In the special (typical) case of N=1, I would just __shfl_down() by a stride of 1,2,4,8,16 with each followed by an addition. This means 5 shuffles, and 5 additions. (However, the last shuffle only has 1 thread performing useful work, of course.)

For the N>1 case, is it possible to perform N full-warp reductions in less than 5N shuffles and 5N additions? Let us assume for now that I am flexible with where my data ends up.

Great question. I puzzled over something similar a long time ago and am trying to refresh my memory.

I think the answer is “yes” and you can do better than 5N+5N operations.

The quick sketch for N=2:

row0 += shfl_xor(row0,1)
row1 += shfl_xor(row1,1)
row01 = (lane_idx & 1) == 0 ? row0 : row1

→ Neighboring lanes from row0 are in even lanes and row1 neighbors are in odd lanes.

Continuing:

row01 += shfl_xor(row01,2)

→ Half of the lanes are now redundant and we can work on rows 2 and 3 after we partially reduce them… With clever shuffling you might be able to get them in the right position to just drop into the best “free” slots in the row01 warp when you build row0123.

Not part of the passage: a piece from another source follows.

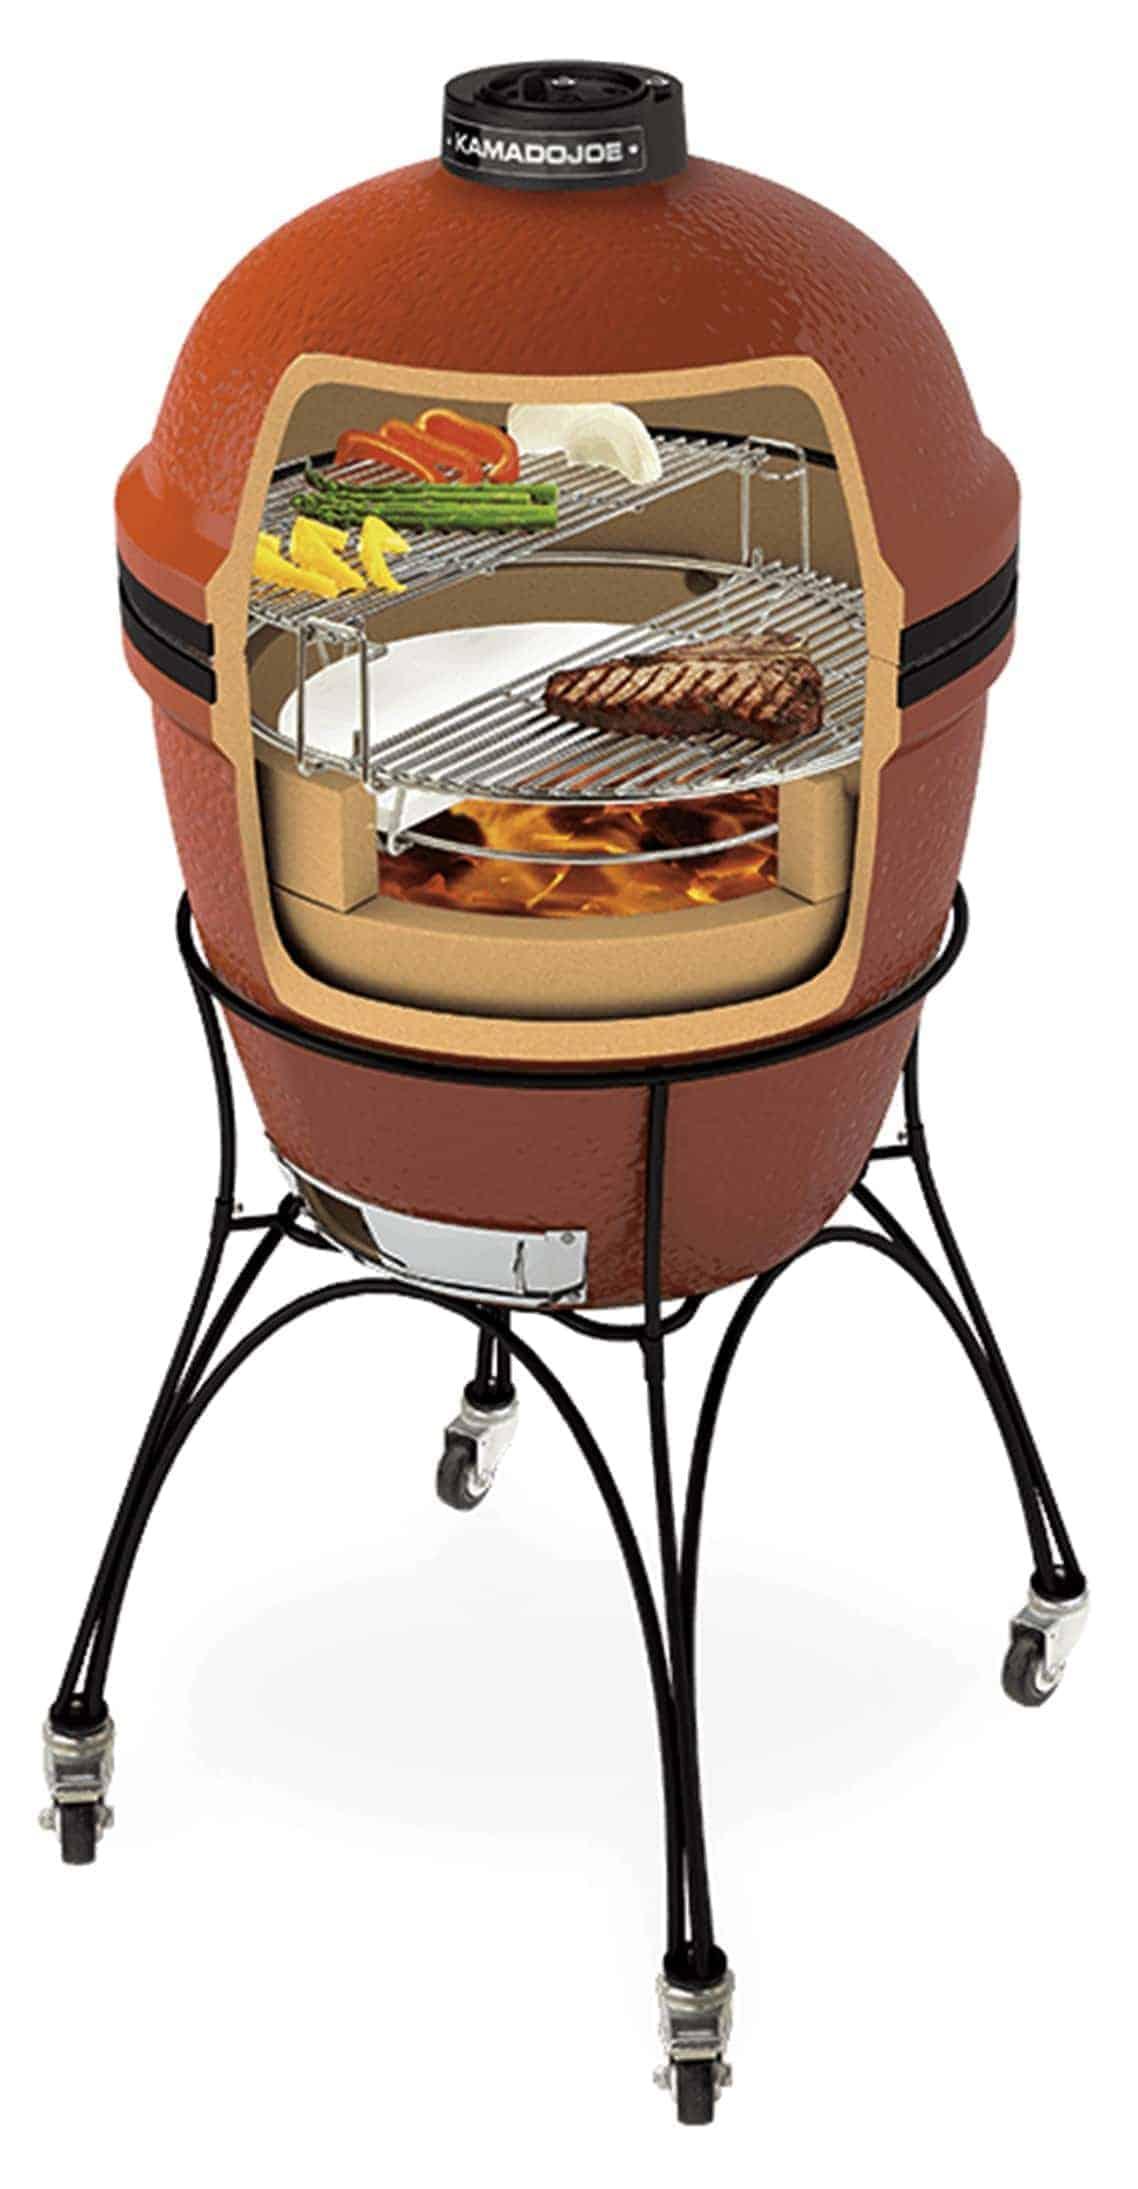 Kamado Joe Classic Bbq Charcoal Barbecues Wood Fired

( hand waving at this point because it feels like it’s going to work for N > 2 )

Here’s a diagram of what I’m talking about with N=2 and warps that are only 4 lanes wide:

_row 0_   _row 1_
0 1 2 3   4 5 6 7 
 X   X     X   X   shfl_xor(1)
0 1 2 3   4 5 6 7 
1 0 3 2   5 4 7 6  +
   \         /     
    \       /      "select" with ternary operator on even/odd                     
     0 5 2 7                            
     1 4 3 6                            
      \ X /        shfl_xor(2)          
       V V                              
       0 5                              
       1 4                              
       2 7                              
       3 6         +

Whatever the case, I would draw this out on paper or diagram it if you have a favorite app.

The routines you would develop for N=2-32 would be:

float csp256_warp_reduce_2(float v0, float v1);
float csp256_warp_reduce_3(float v1, float v2, float v3);
...

You would have to document where the sums end up for each case—most likely they’ll be in the first N lanes of the warp (?).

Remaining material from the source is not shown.